There were seven of them in the group that emerged from the public lobby below the Governor's Residence. They stood clustered together on the lava-like surface of the ring road which ran round the base of the southern endcap, looking across the open parkland, not quite sure where to go first. Very touristy, Greg thought, not that he was particularly concerned with stealth. But they did give the impression of a booked party. No need to draw unnecessary attention. Charlotte and Suzi were with him, of course; along with Rick and Melvyn; while a couple of the crash team, Teresa Farrow and Jim Sharman, completed the group. Lloyd McDonald had set up a dedicated mission office in the security centre, where he was reviewing reports from the police and his own personnel from inside the Cavern.

"Where we headed?" Suzi asked.

"Not sure. Lloyd will call us as soon as someone spots a Celestial Apostle." He sucked in some air, glancing round Hyde Cavern. A tiny secretion struck up a certain restlessness, but there was no call towards any particular part of the cylindrical landscape. "But in the mean time, we'll try the beach. The one where you met the priest, Charlotte."

Charlotte nodded. "All right."

Other pedestrians were glancing at her as they passed. Greg had to admit she looked sensational. Perhaps he ought to have asked her to wear something less conspicuous.

It isn't her clothes, he told himself, it's your hormones.

Rick had stuck close to her side on the way down from the Residence, making small talk, absolutely not looking at the top's scoop neck. The way she dealt with the attention was a frictionless wall of politeness, nothing that would encourage, nothing to take offence at. It was a neat trick. Poor old Rick.

He took his cybofax out of a jacket pocket, and pulled a map of New London's train network from the colony's memory core. There were stations every two hundred metres round the endcap. He started walking towards the nearest one.

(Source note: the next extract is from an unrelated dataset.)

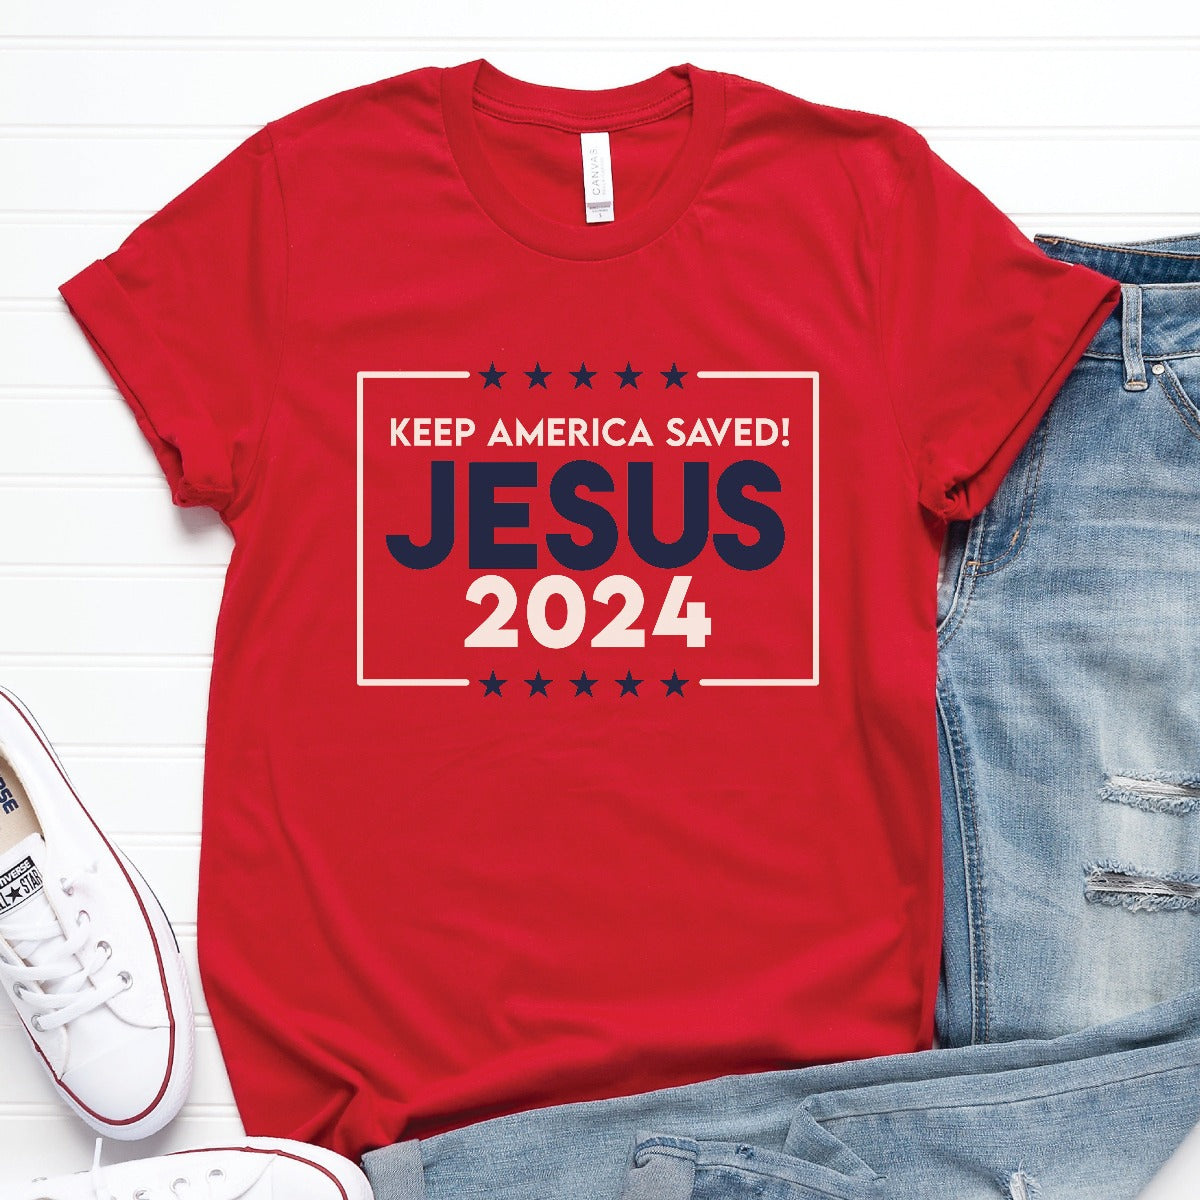 Patriotic red stars and stripes Presidential election vote unisex Christian t-shirts that say "Jesus 2024 Keep America Saved" in bold red, white, and blue fonts, made in the USA for men and women God & Country Patriots

"I've just heard from Sean Francis," Melvyn said. "Julia Evans is on her way up."

"When will she be here?"

"Three hours."

"What's the matter, doesn't she trust us?" Suzi grumbled.

"Give her a break," Greg said. It came out flatter than he intended. "She needs that atomic structuring technology. Once I confirmed the alien was here she didn't have many choices."

"Yeah," Suzi said. "This alien thing, knowing it's here somewhere, ain't helping calm me. Why doesn't it show itself?"

"It hasn't demonstrated any hostility," Rick said.

"Not yet," Suzi said knowingly. She patted the Browning in her shoulder holster.

Rick gave a despairing sigh.

The vine-roped balconies gave way to sheer rock cliff, and the road bowed out from the base. They walked over a gently curved mock-stone bridge across the neck of a lake. A waterfall emerged from a cleft in the rock a kilometre above; Greg had to tilt his head right back to see its apex. The crinkled rock behind it was thick with creepers and slimy algae. He tracked the ragged white plume as it curved sideways through the air, thundering into the lake twenty metres away. The air was full of a fine spray, leaving the side of the bridge permanently slicked.